BIW sends third and last Zumwalt-class Navy destroyer to sea trials

Courtesy / BIW The future USS Lyndon B. Johnson (DDG 1002) passed by Fort Popham on Friday as the destroyer made its way to sea trials.

Resembling perhaps a spaceship more than a Navy ship, Bath Iron Works’ final Zumwalt-class destroyer went to sea Friday.

The future USS Lyndon B. Johnson (DDG 1002) slipped down the Kennebec River from the Bath yard, past Fort Popham, and into the Gulf of Maine for a series of sea trials.

Also called builders trials, the open-water tests allow a shipbuilder’s customer — in this case the U.S. Navy — to see how a new vessel performs. The DDG 1002 trials began on the birthday of the ship’s namesake, the 36th U.S. president, and are expected to last several days.

BIW laid the keel for the 610-foot-long guided missile warship in 2017, and it was christened in 2019. After it is fully tested, commissioned and outfitted, DDG 1002 will operate out of San Diego as home port.

The ship will join just two others like it, both Bath-built. The Zumwalt-class destroyers, named for former Navy Adm. Elmo Zumwalt, are multipurpose stealth vessels, with an inward-sloping, “tumblehome” hull and flat, angled surfaces designed to evade radar detection.

The Department of Defense originally planned 32 of the high-tech ships when they were planned almost 20 years ago. But over the years, budget constraints and changes in naval strategy reduced the number to three.

At roughly $4.2 billion apiece, the Zumwalt destroyers are more than twice as expensive as the Navy’s slightly smaller DDG 51, or Arleigh Burke-class, destroyers, which have been the staple of BIW’s shipbuilding since the 1980s.

“The sea trials of Lyndon B. Johnson and its delivery are important milestones in their own right, but also represent a pending shift for the BIW workforce to focusing exclusively on building DDG 51s, the most versatile surface combatant in the U.S. Navy,” BIW spokesman David Hench told Mainebiz on Monday.

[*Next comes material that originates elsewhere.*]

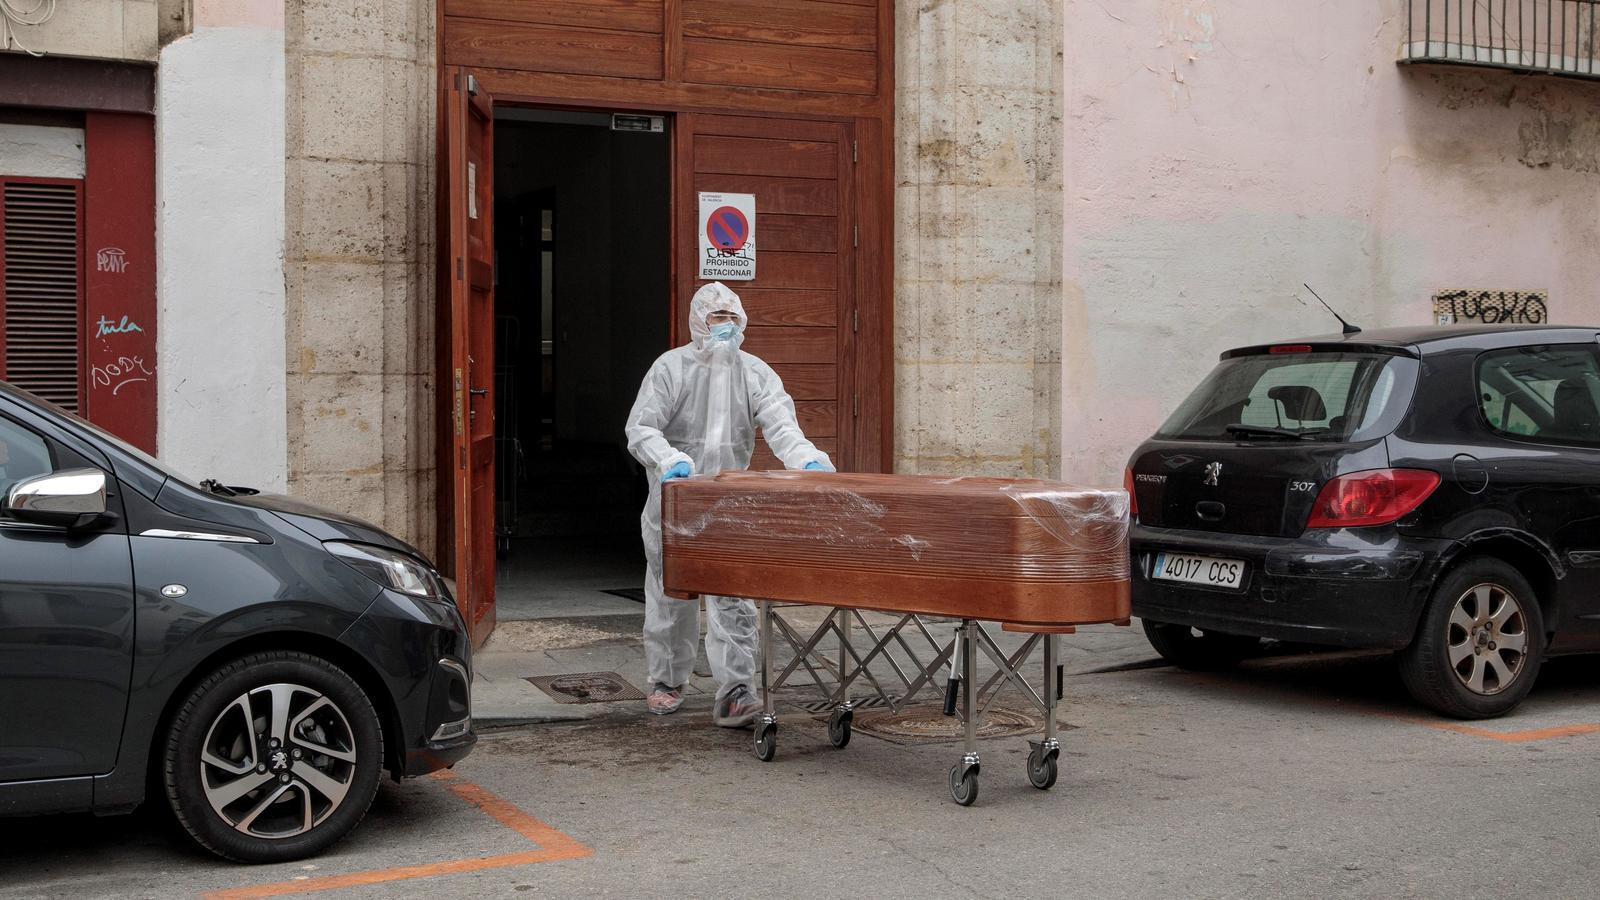 Un treballador sanitari transporta un taüt a les portes del geriàtric Palau de Raga de València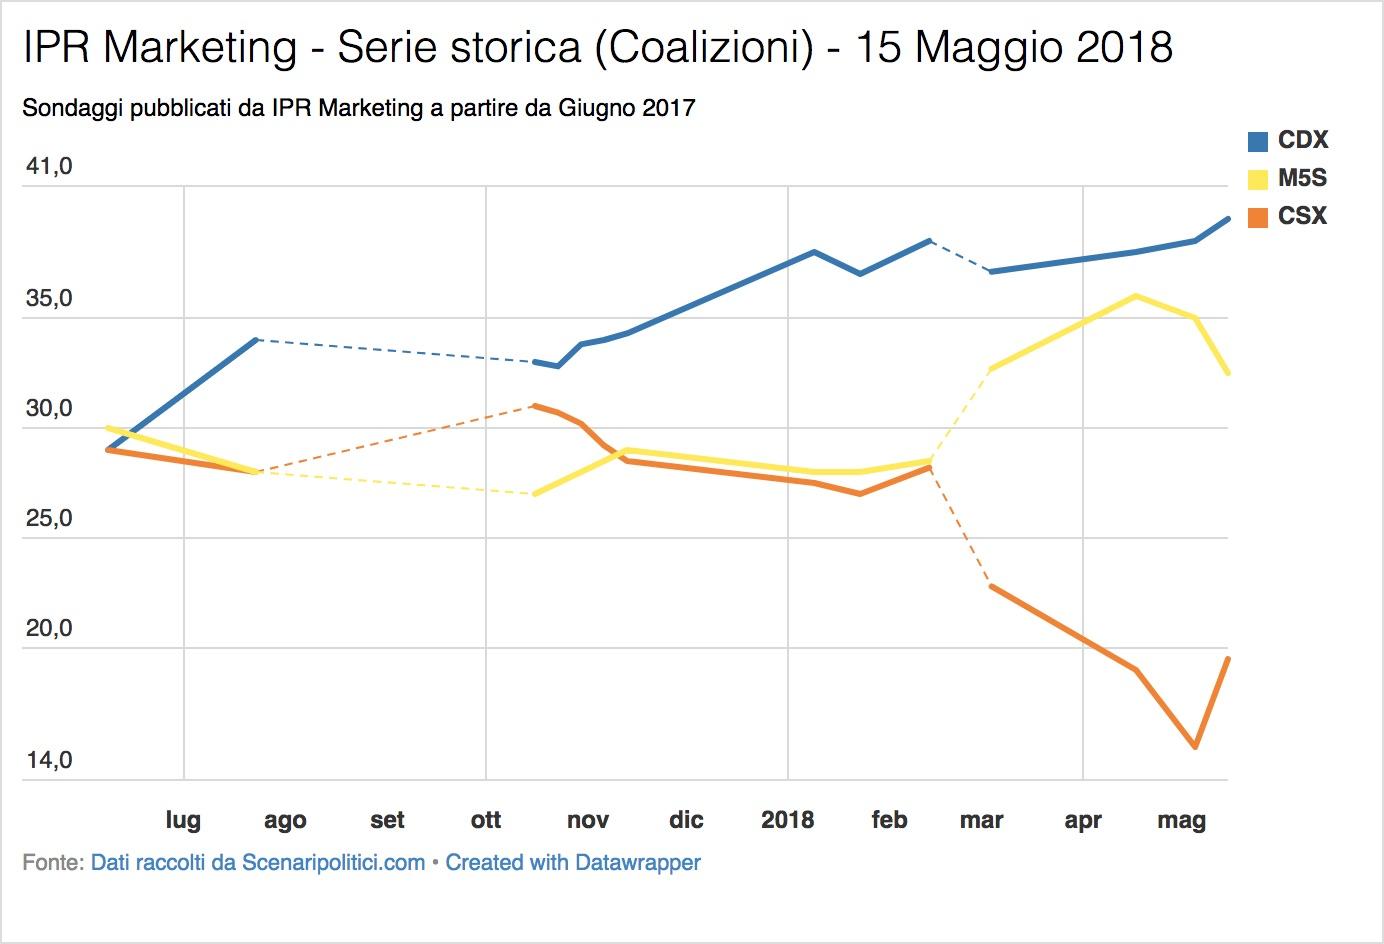 Sondaggio IPR Marketing (15 Maggio 2018)

The most recent Burke destroyer to leave Bath was the USS Daniel Inouye (DDG 118). It conducted sea trials in December and is expected to “sail away” to its commissioning and active duty this fall, Hench said.

BIW currently has six other Burke-class ships under construction. A pending federal budget bill authorizes $3.7 billion for the procurement of two more, which BIW can compete to build.

There are currently over 60 Burke-class destroyers in service, and BIW has produced 37 of them, including the first one in 1989.

The company is owned by General Dynamics Corp. (NYSE: GD), a Reston, Va.-based defense contractor, and employs 6,500 people.

Courtesy / BIW
BIW workers observe as DDG 1002 prepares for sea trials.